The petition for writ of mandamus is denied.
OPINION DELIVERED: September 5, 2020
-unquote
The referenced Jeff Rose dissent can be found here (following below the Austin COA panel majority opinion):
https://scholar.google.co.uk/scholar_case?case=13394491680992999811&hl=en&as_sdt=6,44
In re the National Republican Congressional Committee and Van Taylor,
In re Republican Party of Travis County, Texas, Nos. 03-20-00421-CV, 03-20-00422-CV (Aug. 25, 2020)
BOTTOM LINE: DIFFERENT SORT OF GRAVEYARD VOTING?
So the Libertarians who did not pay the filing fees or meet the alternative requirement are still ineligible and a remedy can be invoked later. In other words, missing the deadline did not result in waiver of an alternative way to thwart the third party candidates, albeit after the elections.
Unless the requirement is declared unconstitutional or something like that (an appeal is currently pending in Houston COA under two separate appellate case numbers, No. 14-19-00969-CV and No. 14-20-00078-CV, motion to consolidate having been denied), voting for Libertarians would be like voting for deceased candidates who didn’t die in time to have their name removed from the ballot.
See Tex. Elec. Code § 145.035; see also id. § 145.039 (“If a candidate dies or is declared ineligible after the 74th day before election day, the candidate’s name shall be placed on the ballot.”).
Is Kibitzer mistaken in this macabre assessment?
I’ll add that you reference the other lawsuits, so it is possible that, per the final paragraph on the ruling, the Supremes could decide to cock-block both parties on the merits of the main case. But, until we get to that point …
Sadly, the federal lawsuit against HB 2504 and broader issues isn’t being heard until early next year. The wheels of justice grind exceedlingly slowly indeed.
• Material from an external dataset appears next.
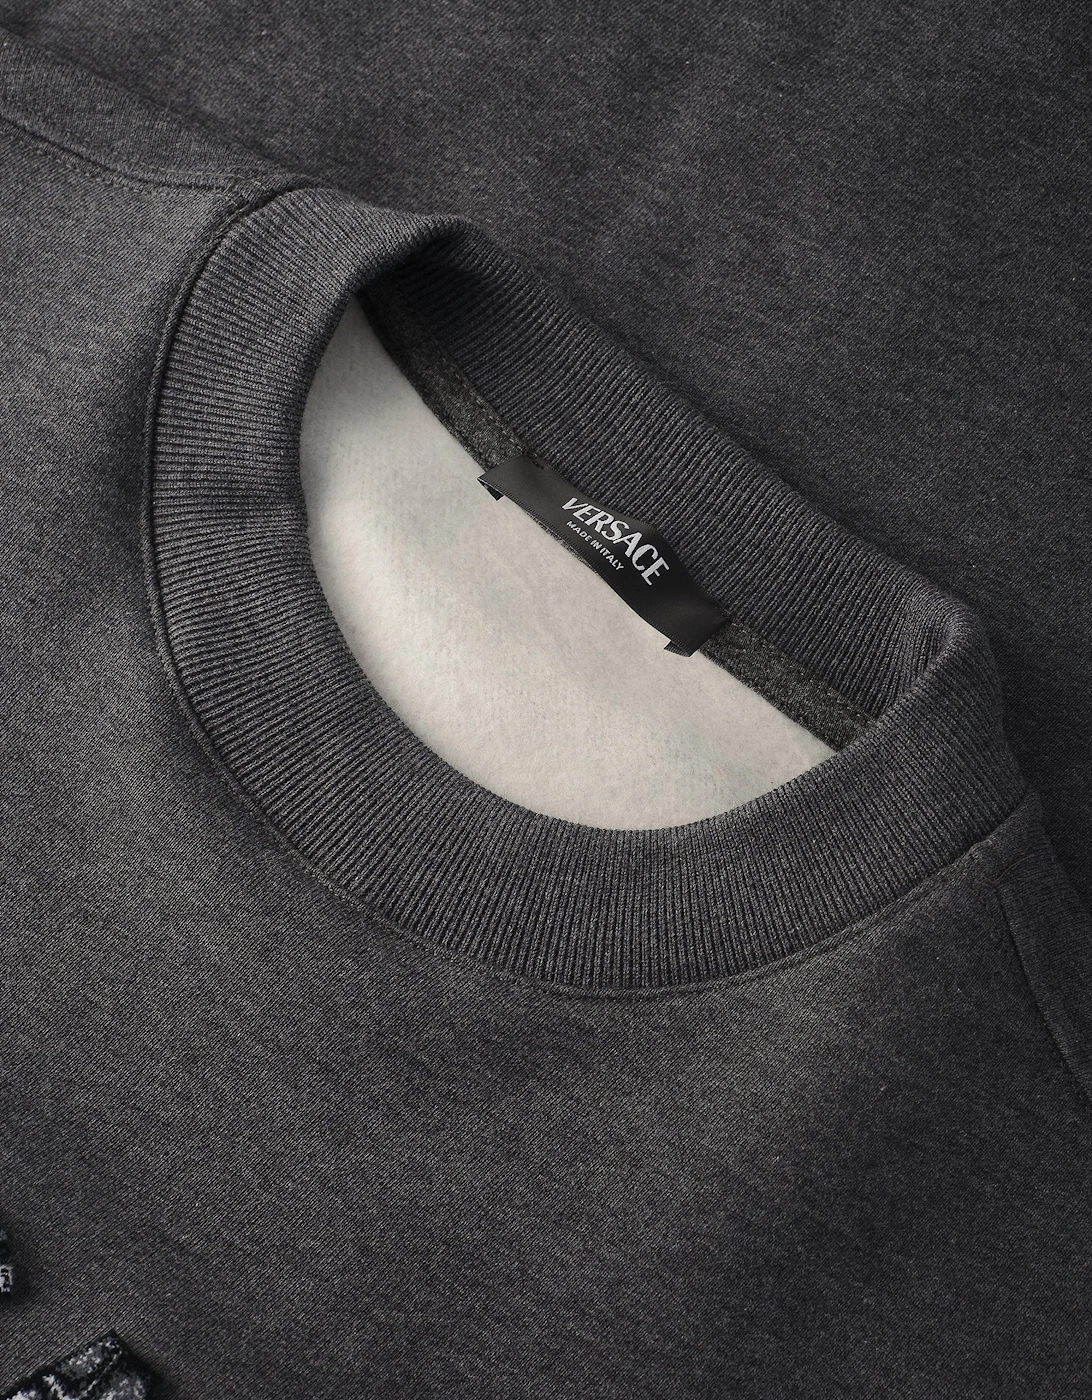 Vintage Branding Sweatshirt Charcoal

Gadfly, as I noted in my penultimate paragraph:
“They did say in a footnote on page three that the Green Party could have sought Supreme Court review of that Third Court of Appeals order that forced their candidates off the ballot, and that an Attorney General amicus brief that took no position on that question was filed and considered for this case. They don’t seem to be saying how such a motion for review might have been received, just that it could have been done.”
So yes, I did say what you said.
Well, you referenced it, you didn’t quote it, and IMO you pulled back from that with your ultimate paragraph. You also put that, your interpretation, in past tense with “could have,” while the Supremes is in present and future tense, indicating they’ll still invite the possibility of action. That’s the way I read it. To quote, again.
“Thus, there remains the possibility that a party could seek expedited relief in this Court from the court of appeals’ decision to remove Green Party candidates from the ballot.”
Versus your “just that it could have been done.”
Texas Supremes are saying they’re still open for biz on this.
Now, per the ultimate paragraph of the actual ruling? Could be read as, when they get the appeal of the Dikeman case, they’ll make a final ruling against both Libertarians and Greens.
But, on the appeal of the case against the Greens a couple of weeks ago, not a past tense “could have been” but a present/future tense “could seek expedited relief.”
Back to my first comment.
Since it’s Sunday I’m going to limit my picogranular analysis of pinheads to dancing angels only.